Prep 10 mins
Cook 15 mins
From EatingWell: July/August 2008 -- Bountiful summer vegetables - zucchini, summer squash, fresh tomatoes - are quickly sautéed with protein-rich white beans and topped with Parmesan for a hearty dish. This sauté is endlessly versatile and works well with eggplant, peppers or corn. Serve with: Brown rice or bulgur. (1 Carbohydrate Serving. Exchanges: 1 starch, 2 vegetable, 1 plant-based protein, 1 fat)
- 1 tablespoon extra-virgin olive oil
- 1 medium onion, halved and sliced
- 2 garlic cloves, minced
- 1 medium zucchini, halved lengthwise and sliced
- 1 medium summer squash, halved lengthwise and sliced
- 1 tablespoon chopped fresh oregano or 1 teaspoon dried oregano
- 1⁄4 teaspoon salt
- 1⁄4 teaspoon fresh ground pepper
- 1 (15 -19 ounce) can cannellini beans (see Tip) or 1 (15 -19 ounce) can great northern beans, rinsed (see Tip)
- 2 medium tomatoes, chopped
- 1 tablespoon red wine vinegar
- 1⁄3 cup finely shredded parmesan cheese
- Heat oil in a large nonstick skillet over medium heat. Add onion and garlic and cook, stirring, until beginning to soften, about 3 minutes.

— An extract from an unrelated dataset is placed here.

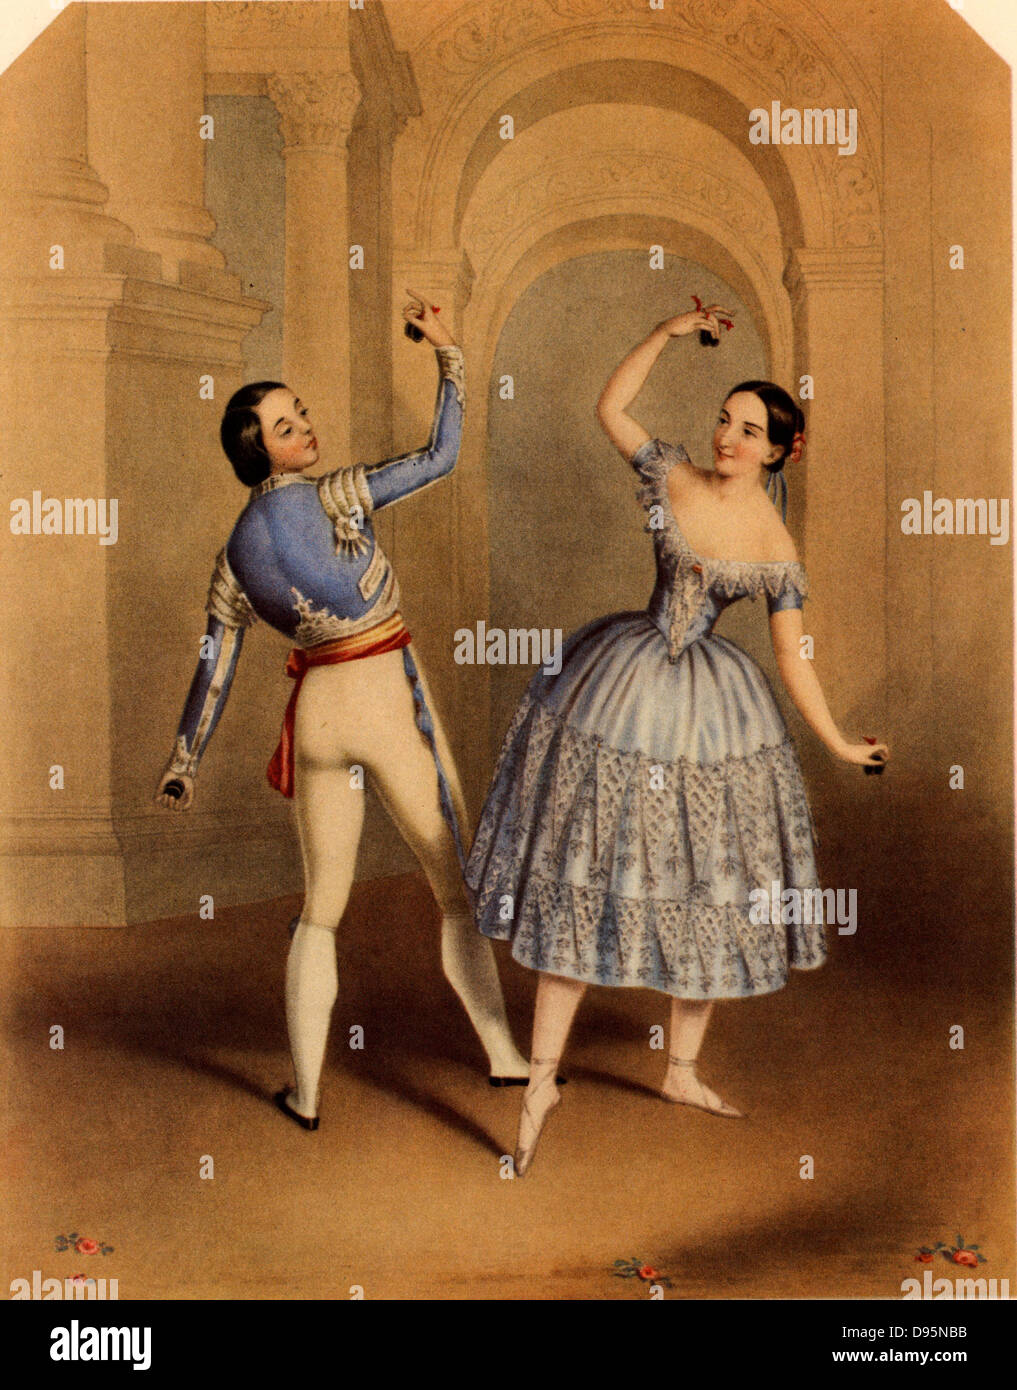 Balletto italiano immagini e fotografie stock ad alta risoluzione - Alamy

- Add zucchini, summer squash, oregano, salt and pepper and stir to combine. Reduce heat to low, cover and cook, stirring once, until the vegetables are tender-crisp, 3 to 5 minutes.
- Stir in beans, tomatoes and vinegar; increase heat to medium and cook, stirring, until heated through, about 2 minutes.
- Remove from the heat and stir in Parmesan.
- Serve with: Brown rice or bulgur.
- TIP: While we love the convenience of canned beans, they tend to be high in sodium. Give them a good rinse before adding to a recipe to rid them of some of their sodium (up to 35 percent) or opt for low-sodium or no-salt-added varieties. Or, if you have the time, cook your own beans from scratch.
I made it just like the recipe said, and served it over brown Basmati rice. It was quick, easy and fabulous!